Let's assume the proportion of people who bought High, Medium and Low quality weed in Jan-2014 as the expected proportion. Find if proportion of people who bought weed in Jan 2015 conformed to the norm

* Find the total numbers of people who bought High/Med/Low quality weed in January of each year.

In [None]:
weed_jan2014 = weed_pd[(weed_pd.year==2014) & (weed_pd.month==1)][["HighQN", "MedQN", "LowQN"]]
weed_jan2015 = weed_pd[(weed_pd.year==2015) & (weed_pd.month==1)][["HighQN", "MedQN", "LowQN"]]

In [30]:
Expected = np.array(weed_jan2014.apply(sum, axis=0))
Observed = np.array(weed_jan2015.apply(sum, axis=0))

In [18]:
print("Expected:", Expected, "\n" , "Observed:", Observed)

Expected: [2918004 2644757  263958] 
Observed: [4057716 4035049  358088]


* Print the proportions of High/Med/Low quality weed bought and observed.

In [32]:
print("Expected:", Expected/np.sum(Expected.astype(float)), "\n" , "Observed:", Observed/np.sum(Observed.astype(float)))

Expected: [0.5007971  0.45390159 0.04530131] 
 Observed: [0.48015461 0.47747239 0.042373  ]


* Do the Chi-Squared test.

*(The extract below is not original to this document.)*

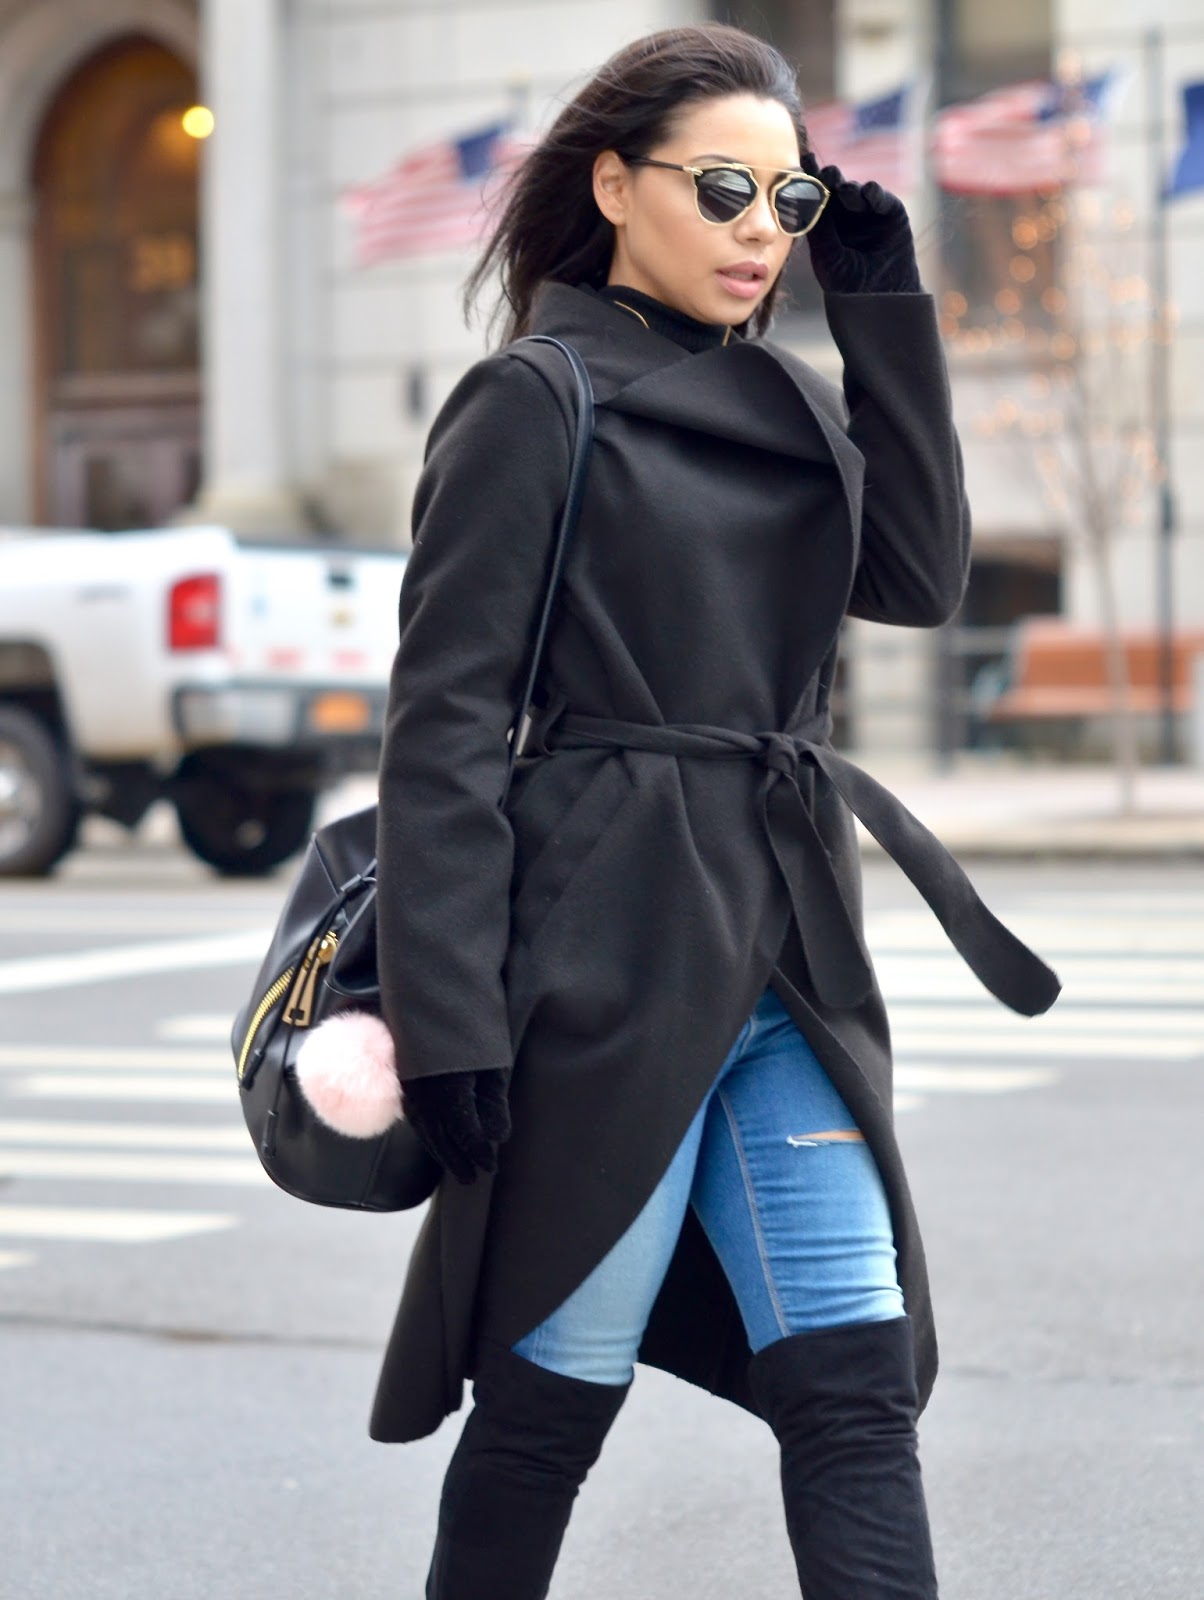 Classic All Black Winter Style: Waterfall Wrap Coat | The Style Brunch

What is your result? Were the proportions of people buying high quality weed in Jan 2015 different than expected?

In [33]:
stats.chisquare?

In [20]:
stats.chisquare(______ , ______)

Power_divergenceResult(statistic=1209562.2775169075, pvalue=0.0)

*Inference* : We reject null hypothesis. The proportions in Jan 2015 is different than what was expected.